Reeves's Budget Raids Salary Sacrifice: £4.7bn Tax Hit Explained
Budget 2025: Salary Sacrifice Tax Raid Confirmed

Chancellor Rachel Reeves has ignited controversy with a confirmed tax raid on salary sacrifice schemes in her recent budget announcement, a move financial experts warn could decimate retirement plans for millions across the UK.

What is salary sacrifice and how does it work?

Salary sacrifice arrangements allow employees to exchange a portion of their pre-tax salary for a non-cash benefit from their employer. This can include pension contributions, a company car, or childcare vouchers.

By reducing your gross salary before income tax and National Insurance are calculated, these schemes lower your overall tax bill and can increase your immediate take-home pay. Employers also benefit by saving on their own National Insurance contributions on the sacrificed amount, with some choosing to reinvest this saving into the employee's pension pot.

For example, an individual earning £50,000 annually who sacrifices 5% (£2,500) into their pension would only be taxed on £47,500. This not only reduces their tax liability but often comes with an employer pension top-up, making it a powerful tool for long-term savings.

The budget change: A new £2,000 cap

The central reform announced by the Chancellor is a new annual limit. From now on, only the first £2,000 of sacrificed salary will be exempt from National Insurance. Any contributions above this threshold will be treated as ordinary employee pension contributions, subject to both employee and employer National Insurance.

According to the Office for Budget Responsibility, this policy is projected to raise £4.7 billion in the 2029/30 tax year and £2.6 billion in 2030/31.

While those earning up to £40,000 and making minimum pension contributions are unlikely to be affected, higher earners will feel the pinch. Financial services firm Fidelity provided a stark illustration: someone earning £105,000 sacrificing £10,000 to stay below the £100,000 tax threshold would now face an extra £160 in annual NI, with their employer paying an additional £1,200.

Experts sound the alarm on pension black holes

The financial industry reacted with alarm ahead of the budget. The Association of British Insurers and major pension providers had urged the government to reconsider, cautioning that the next generation of retirees is already at risk of being poorer than today's pensioners.

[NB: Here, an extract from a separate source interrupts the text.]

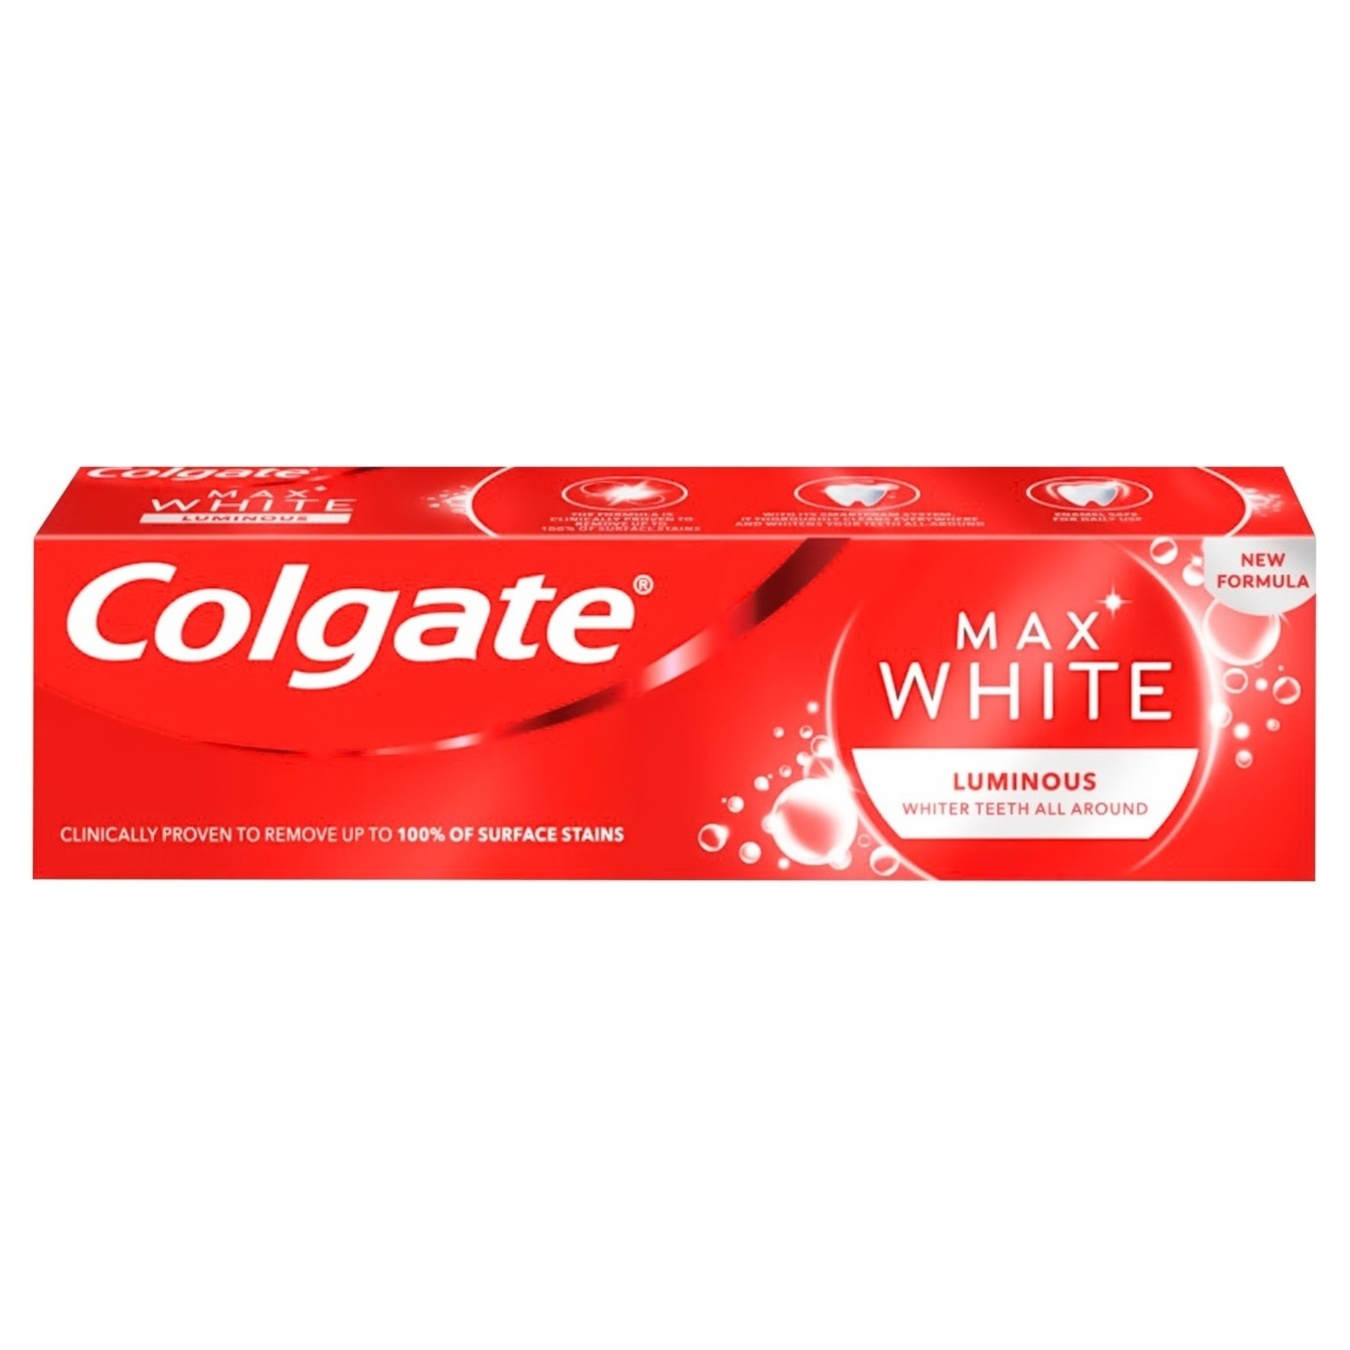 Colgate Max White Luminous (Optic white) whitening toothpaste 75ml

Yvonne Braun, director of policy for long-term savings at the ABI, stated that capping salary sacrifice would mean "speedwalking into a retirement crisis." Analysis from AJ Bell conducted before the announcement quantified the potential damage: a 35-year-old earning £50,000 could see a £22,060 shortfall in their pension by age 65. This black hole escalates to over £37,000 for someone on £75,000 and nearly £50,000 for a £100,000 earner.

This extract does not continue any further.